## EXERCISE DATA

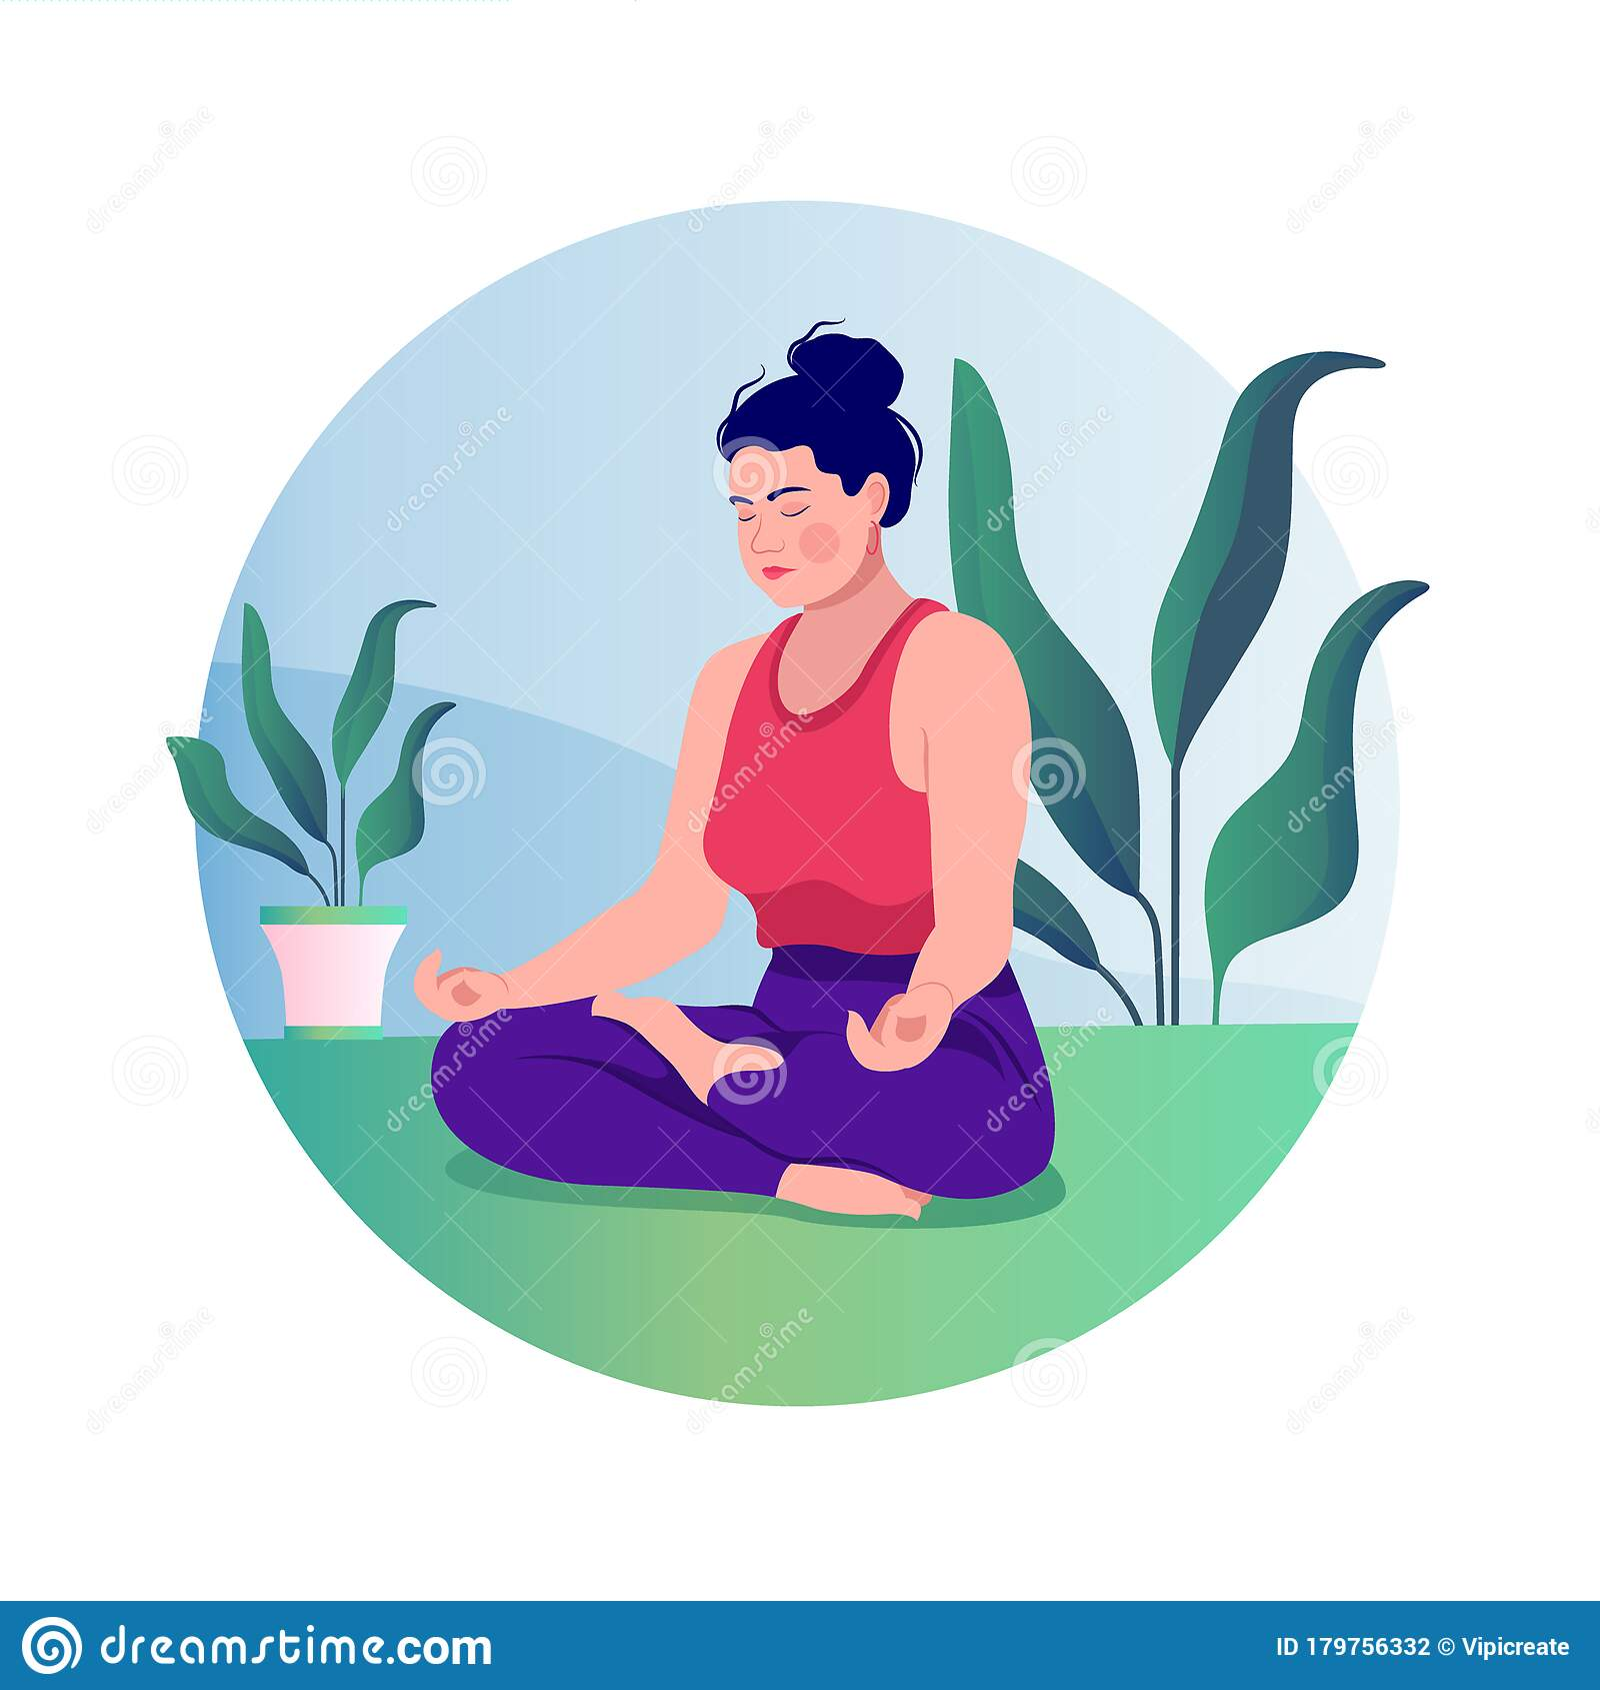 Creative Poster Or Banner Design With Illustration Of Woman Yoga Lotus Pose Practicing Yoga Vector Illustration Young And Happy Stock Illustration Illustration Of Meditating Modern 179756332
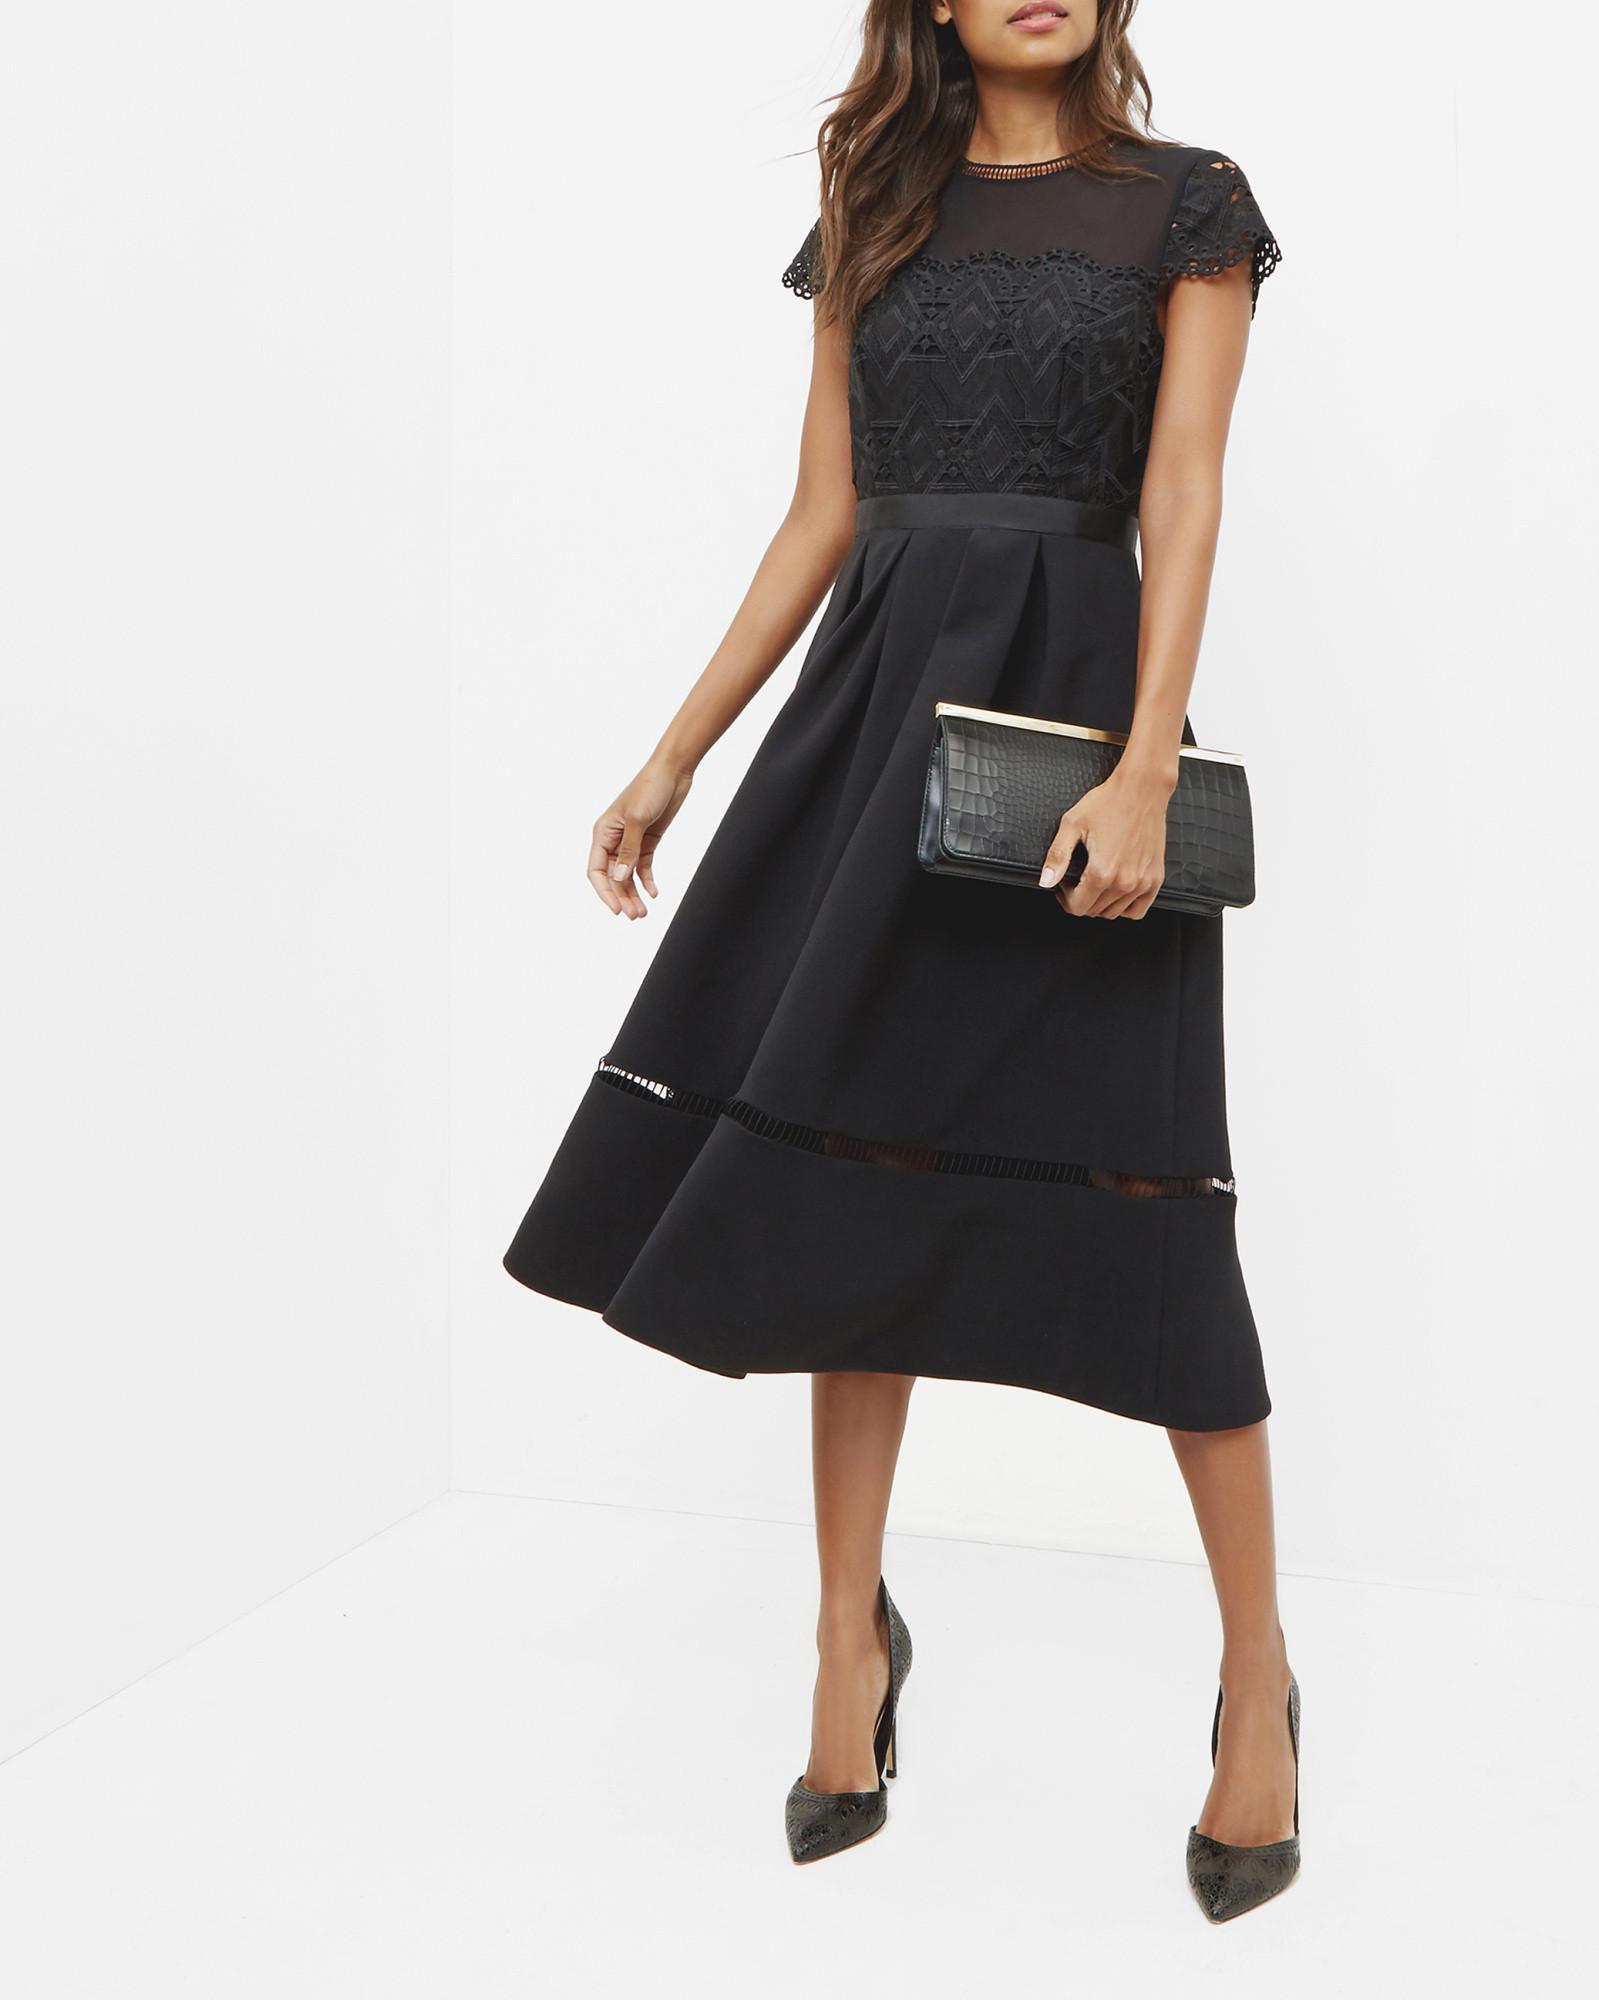 f187a9a2b2da Ted Baker Frizay Lace Bodice Full Midi Dress in Black - Lyst
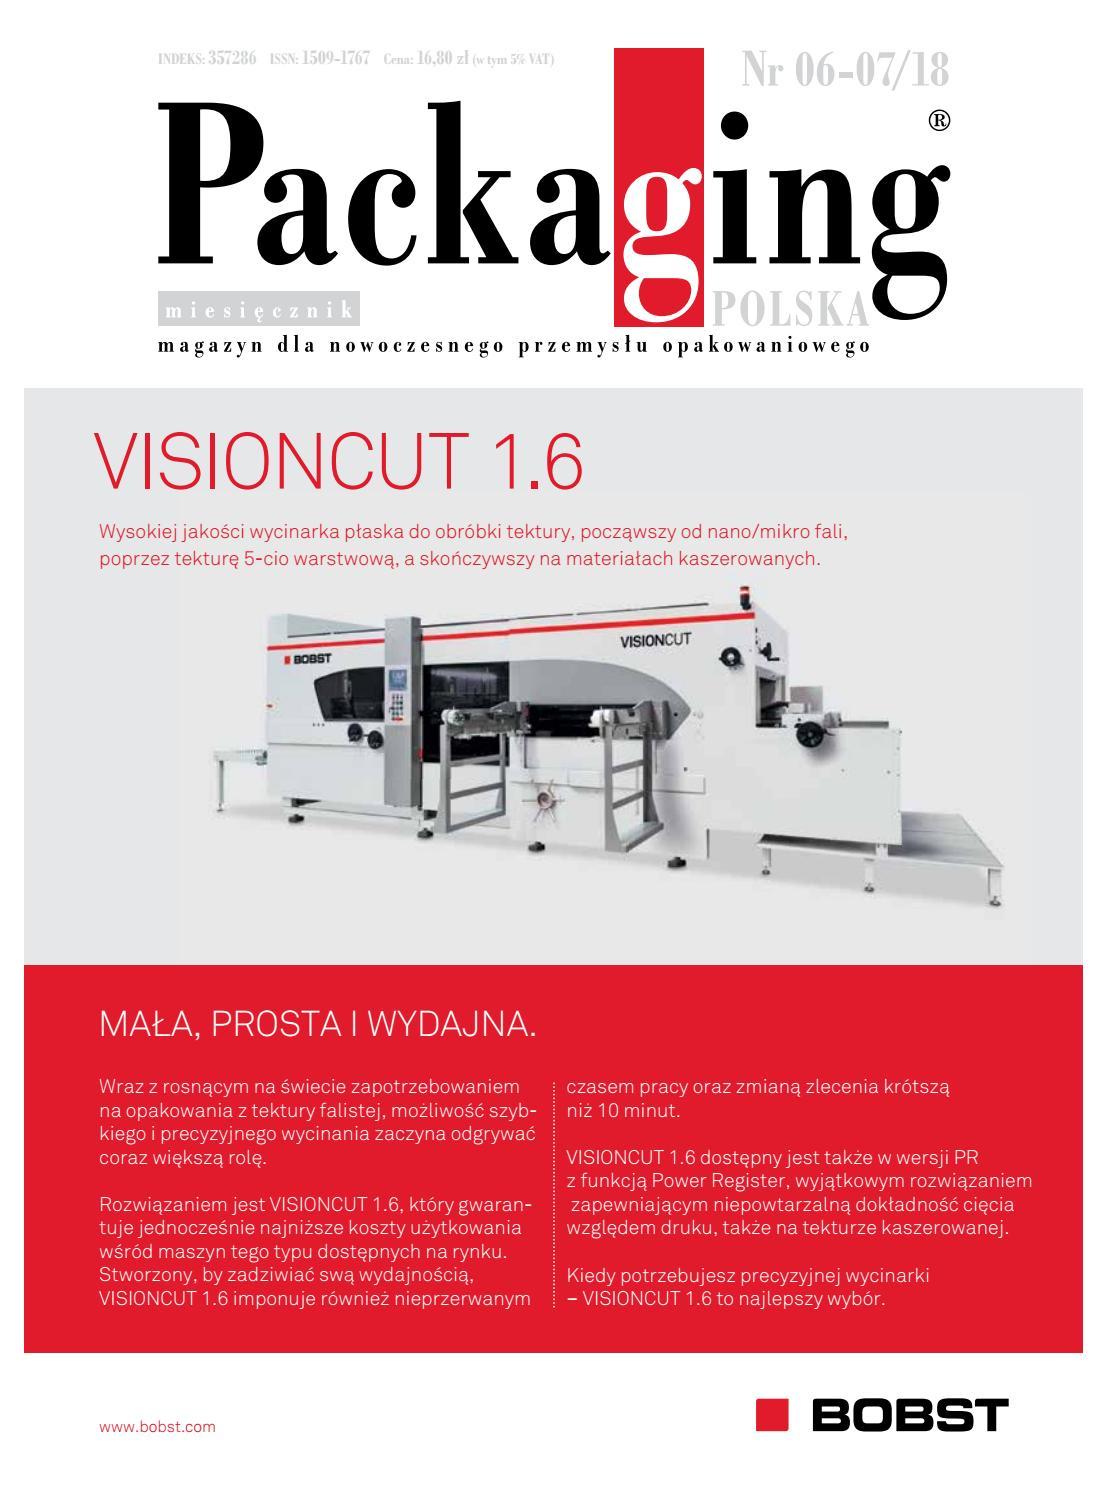 9a5f782f770e7 Packaging Polska 06-07/2018 by Redakcja EMG - issuu

## YOUR GOAL
Reprint the listing above verbatim but drop the images.

## RESPONSE FOR THIS EXERCISE
 Creative Poster Or Banner Design With Illustration Of Woman Yoga Lotus Pose Practicing Yoga Vector Illustration Young And Happy Stock Illustration Illustration Of Meditating Modern 179756332
 f187a9a2b2da Ted Baker Frizay Lace Bodice Full Midi Dress in Black - Lyst
 9a5f782f770e7 Packaging Polska 06-07/2018 by Redakcja EMG - issuu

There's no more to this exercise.